Description of the task
Set down each line of the data below exactly as it stands, dropping the pictures.

Available data
++++++++

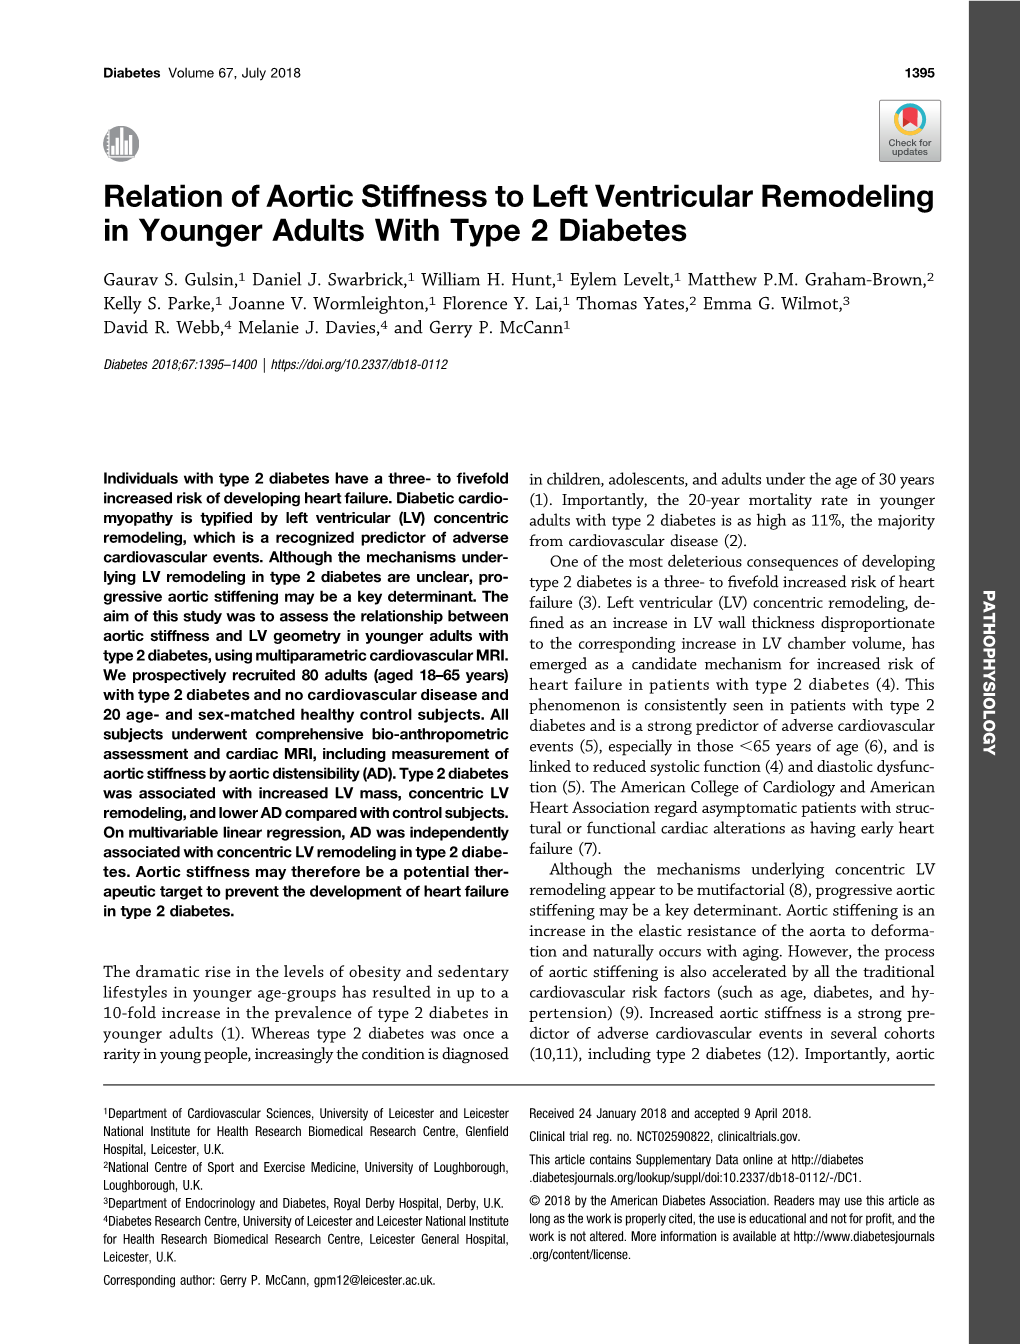 Relation of Aortic Stiffness to Left Ventricular Remodeling in Younger Adults with Type 2 Diabetes
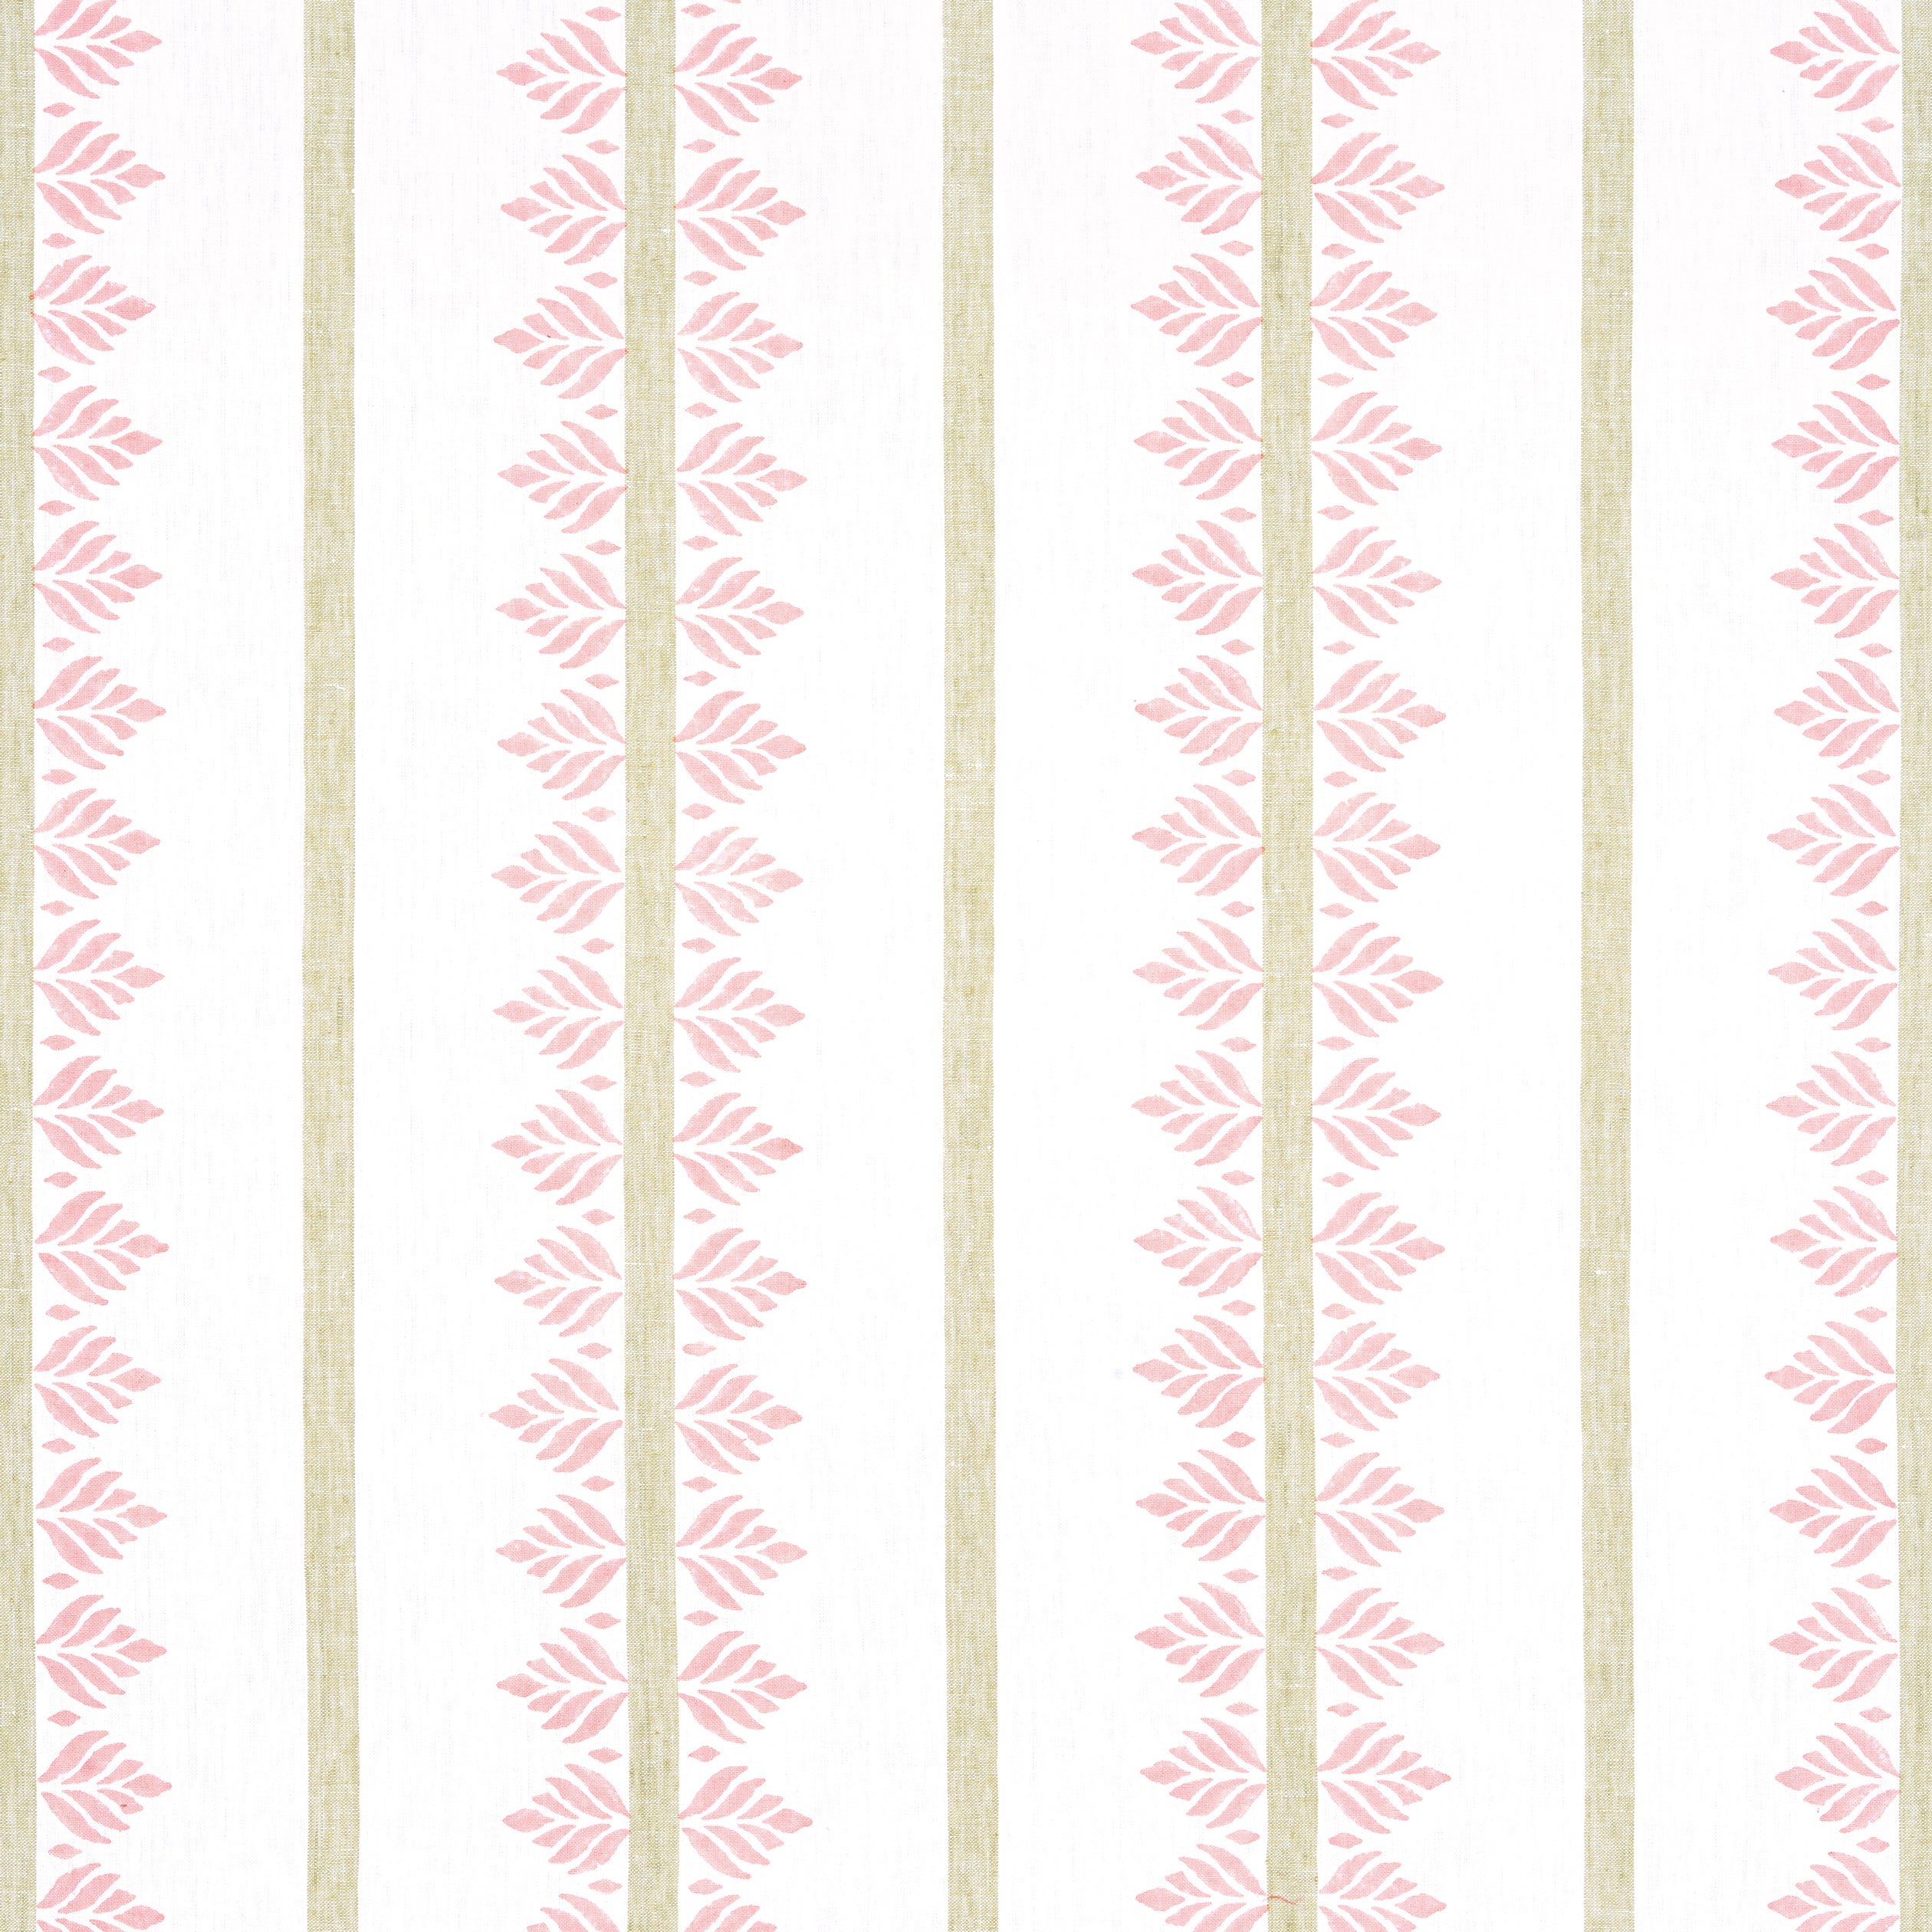 Fern Stripe fabric in Blush color - pattern number AF15100 - by Anna French in the Antilles collection
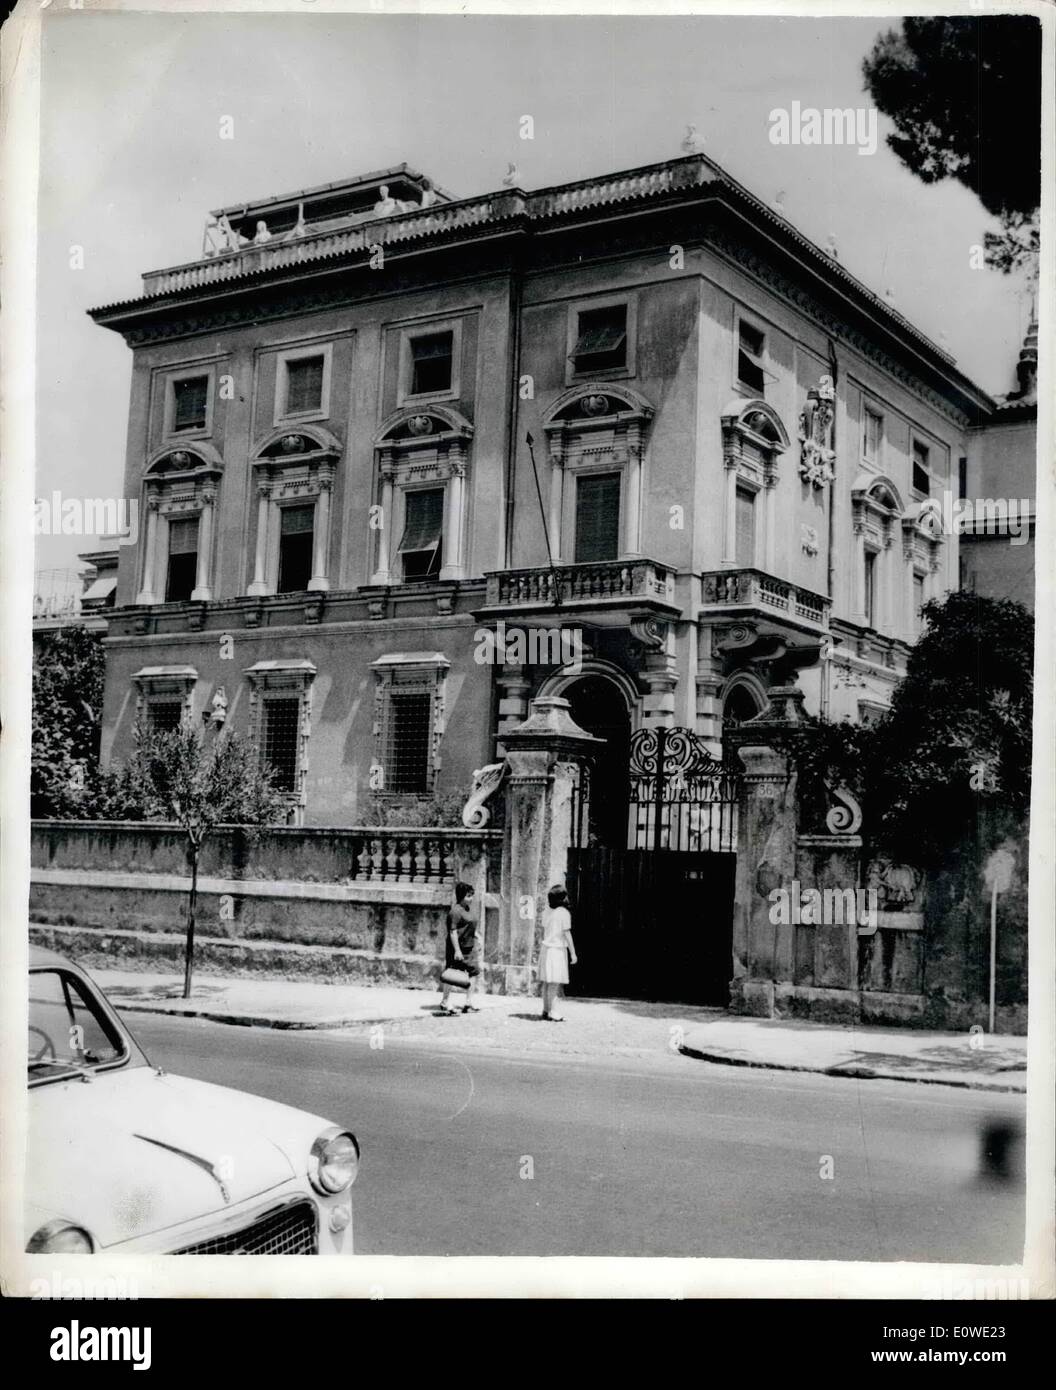 Jul. 07, 1962 - Rainier seeks refuge in Rome from de Gaulle?.: Prince Rainier has brought a new villa in Rome and is spending &pound;50,000 refbishing it. Ostensibly it is for a new legation, but well-informed sources reveal that the Prince is thinking of abdioating over a struggle with de Gaulle who is determined to end Monaco's tax privileges. From this month, all Monegasques must register as aliens in France; if no new agreement is reached by October 1, Monaco will become a foreign state ringes by customs Stock Photo

++++++++

Output of the task
 Relation of Aortic Stiffness to Left Ventricular Remodeling in Younger Adults with Type 2 Diabetes
 Fern Stripe fabric in Blush color - pattern number AF15100 - by Anna French in the Antilles collection
 Jul. 07, 1962 - Rainier seeks refuge in Rome from de Gaulle?.: Prince Rainier has brought a new villa in Rome and is spending &pound;50,000 refbishing it. Ostensibly it is for a new legation, but well-informed sources reveal that the Prince is thinking of abdioating over a struggle with de Gaulle who is determined to end Monaco's tax privileges. From this month, all Monegasques must register as aliens in France; if no new agreement is reached by October 1, Monaco will become a foreign state ringes by customs Stock Photo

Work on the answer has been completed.